Bugün Meral hocaya yardım ettiğim için geç çıkmıştım saat 10:00 du ve gerçekten hava karanlıktı otobüse bindim ve 30 dakika sonra durağa  geldim otobüsten indim evime doğru  yürümeye başladım saat geç olduğu için açıkçası biraz korkmuştum.

Yine o adam oradaydı ve yanında birkaç tane adam daha vardı beni gördüğü anda sırıtmaya başlamıştı bende adımlarımı daha da hızlandırdım ama bu sefer beni takip etmeye başlamışlardı bende yürümeyi bırakıp koşmaya başladım onlarda arkamdan koşmaya başladılar bi adam kolumu yakaladı  beni sertçe yere doğru fırlattı sırtımın acısıyla gözlerim doldu şimdi hepsi baştan aşağı beni süzüyordu . Dün gördüğüm adam bana doğru yaklaşmaya başladı tam arkamda duvar olduğu için bir yere de kaçamıyordum adam yaklaştıkça nefesim daralıyordu sanki. Aramızda çok az bir mesafe kalmıştı ki biri bana  yaklaşan adamı devirdi. Onu görünce herkes kaçtı benimde çoktan kaçmış olmam gerekirdi ama sanırım şokta olduğum için olduğum yerde kaldım. İlk baktığımda fark etmemiştim ama sonra otobüste bana dikkatle bakan o adam olduğunu anladım.
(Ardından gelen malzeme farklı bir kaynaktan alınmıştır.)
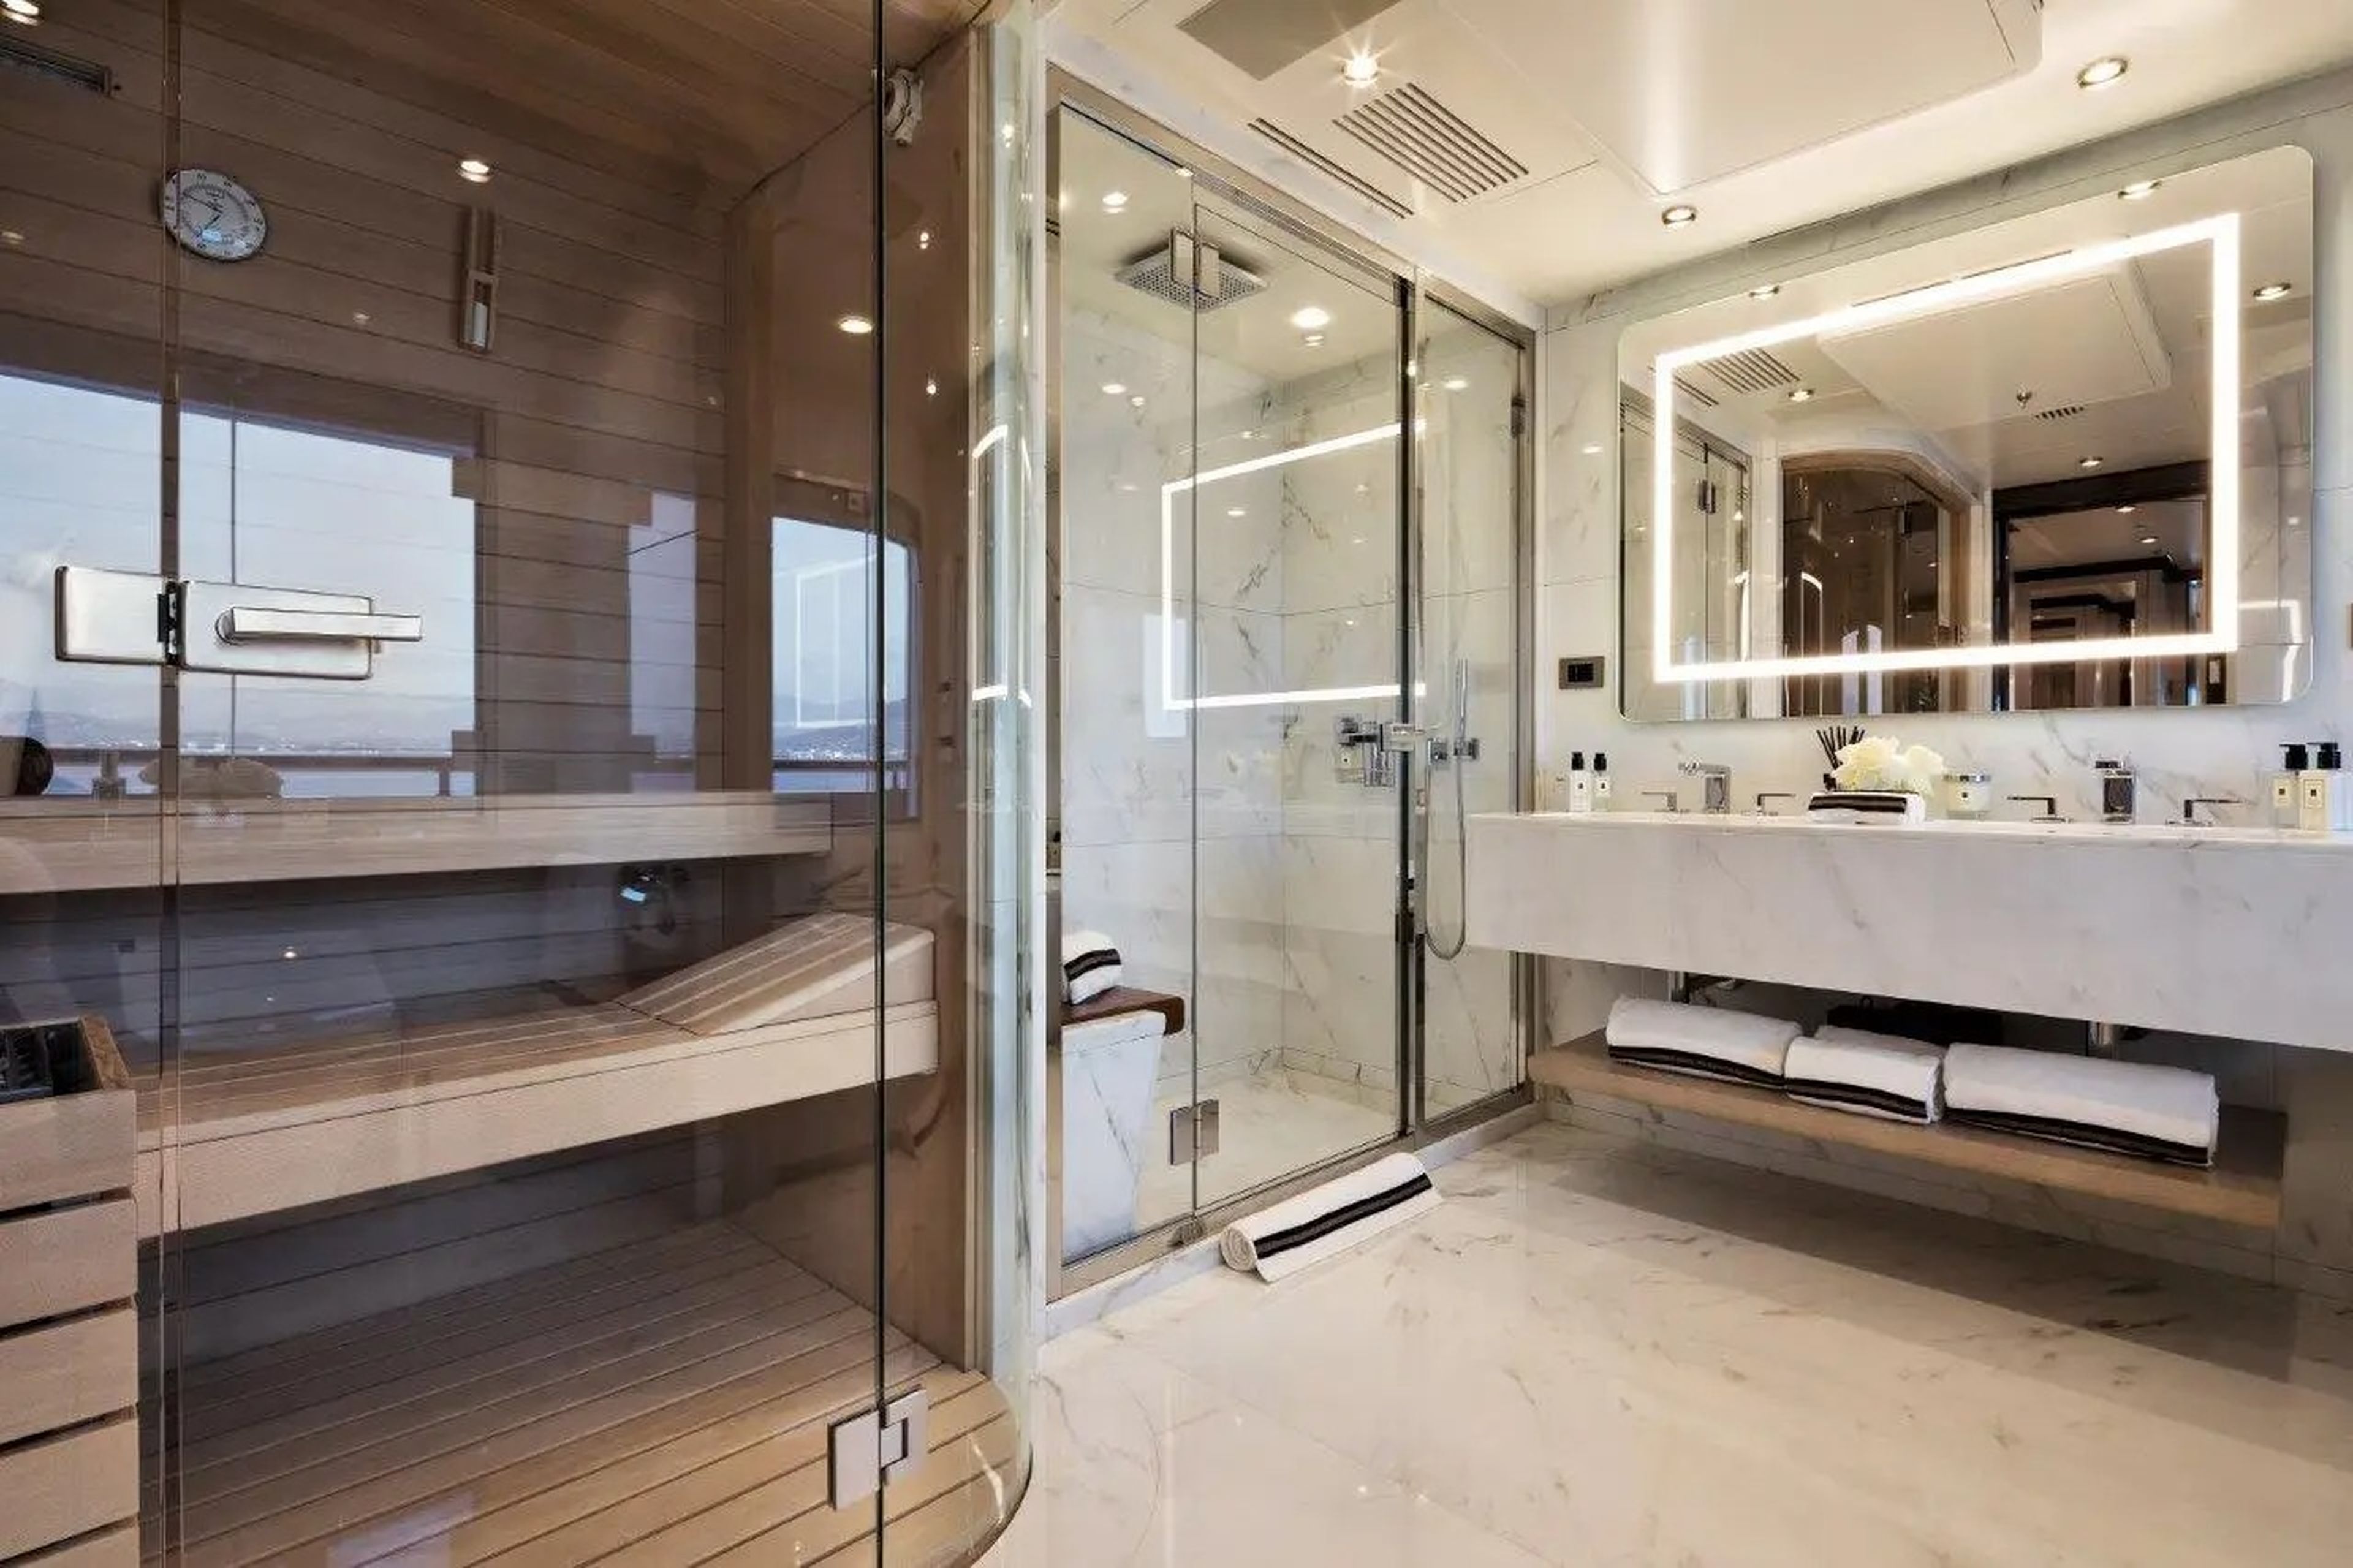 El amplio cuarto de baño del Triumph, cuyo alquiler cuesta 650.000 dólares semanales, incluye un baño turco.

"Sende mi sapıksın?" diye sordum
güldü "Sapık olsam seni kurtarmaz, dayakta yemezdim"aslında haklıydı "Teşekkür ederim" dedim  cevap vermedi ama 5 dakika sonra
" Burda oturmaya devam mı edeceksin hadi yürü" dedi
"Nereye?"
"Eve"
"Sen benim evimi nerden biliyorsun?" diye sordum yüzüme sen ciddi misin? der gibi baktı
"Bilmiyorum zaten"
Sanırım sadece sırtımı değil beynimde de darbe almıştı. Yine de bozuntuya vermedim.
"Ben tek de gidebilirim"  dedim
Tek kaşını kaldırdı"Gelmezler mi zannediyorsun?" dedi 
"Gelirler mi?" diye sordum
"Sence?"
Yürümeye başladım o da arkamdan gelmeye başladı.
Yolda yürürken adama hiç teşekkür etmediğim aklıma gelince  arkamı döndüm. Bir anda şaşırsada bir şey söylemedi bende lafa girdim
"Ben gerçeketen çok teşekkür ederim eğer siz olmasaydınız ben..."  boğazım düğümlendi çünkü sonrası çok kötü olabilirdi bir anda ağlamaya başladım bir yabancının yanında ağlamak istemiyordum . Ama ağlamayı bir güçsüzlük olarak da görmüyordum.